In one effort, a number of cooperative members have released a line of essential oil products under the “Canopy” label. Extracted from the leaves of cedar, pine and fir trees, just 5 ml of these oils can retail for up to $16, providing extra revenue to the landowner, product developer, and the contract businesses that distill, package, and develop marketing materials.  These products allow growers to make commercial use of a greater portion of the growing plant, while improving forest stands. As Neil explained, removing the young growing needles at the right time helps the trees grow straighter and taller. First sold at outdoor markets, the oils (and hand lotions and air fresheners made from them) are now being considered by high-end retailers on a regional and national scale.

Cooperative member Susan Curington also explained to me how the program has helped her family business, North Woods Figured Wood.  VAPG planning grant support to OWC helped Susan and her husband conduct market research on high-quality wood blocks for hobbyists looking for the perfect pieces to carve or turn into decorative figurines, bowls, pens, pepper mills and more. Their business model involves “upcycling” burls, stumps and small, odd-shaped, or difficult-to-use pieces that would otherwise be sold as chip wood for just $12 per ton. Woodworkers from across the country who are looking for something unique, however, are happy to spend $10 to $15 on enough wood to create a dozen handmade pens.  Others are willing to spend hundreds on a large burl with interesting textures for large projects. Having identified new markets and how to reach them, North Woods Figured Wood is now looking forward to growing and adding capacity to meet the demand over the next few years.

In addition, the Value Added Producer Grant Program has also allowed cooperative members to launch ventures capitalizing on the craft products, sustainable local firewood, floral greens, and other resources on their land, while others are working on developing edible and medicinal products.

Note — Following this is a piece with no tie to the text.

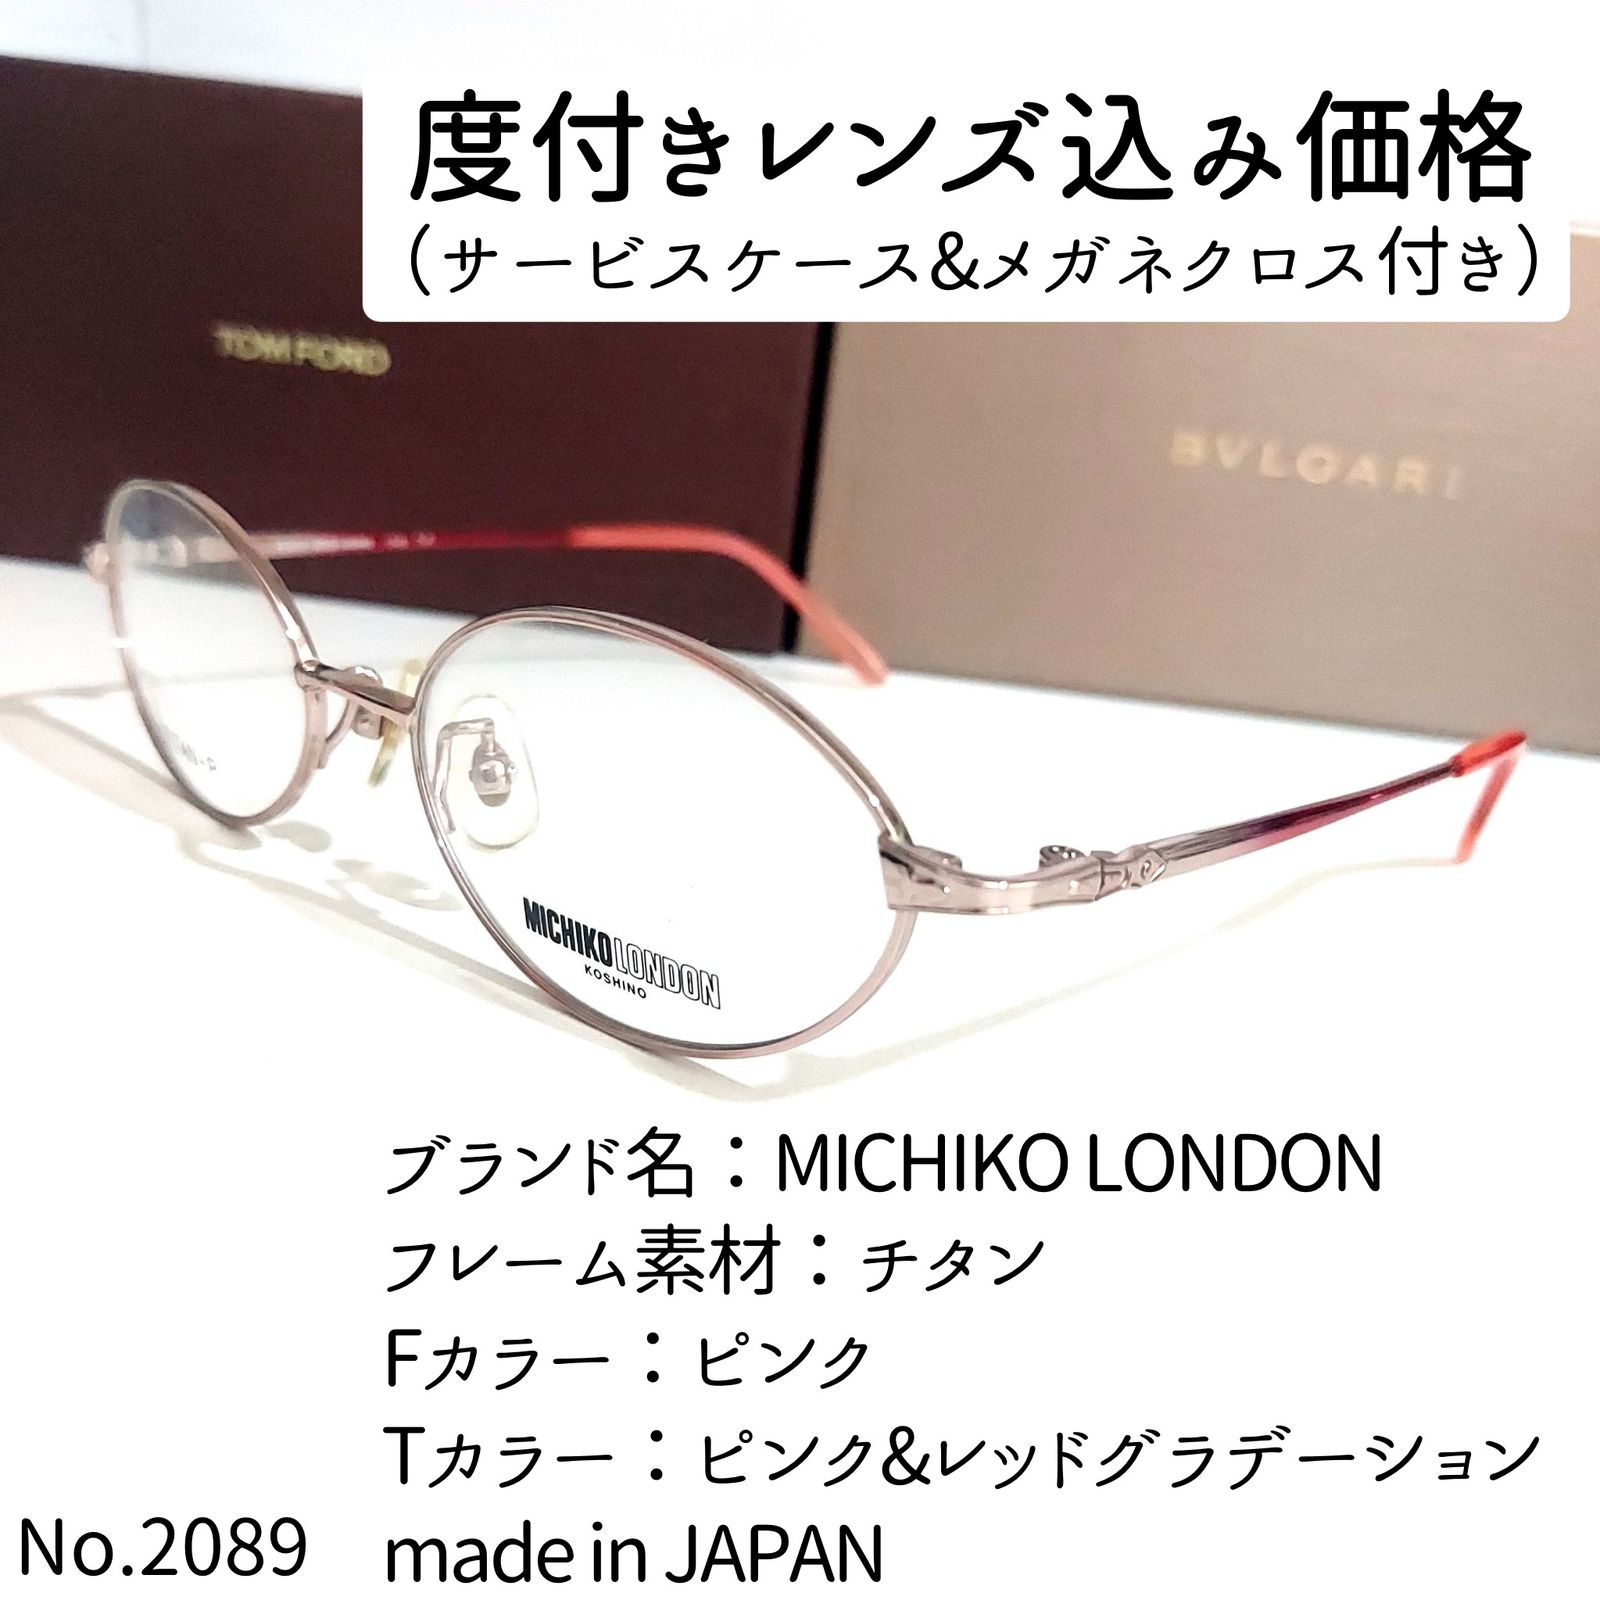 No.2089-メガネ MICHIKO LONDON【フレームのみ価格】-

For producers who see a timber harvest—and, consequently, a paycheck—from any single piece of land every few decades at best, a supplemental income stream that offsets the cost of land management isn’t just nice. It can be the factor that makes keeping the land in the family an economically viable decision. At the same time, it allows new business ventures to create additional employment opportunities in their rural communities. This isn’t just USDA helping producers add value to their products, it is sustainable community-based economic development right here in our forested backyard!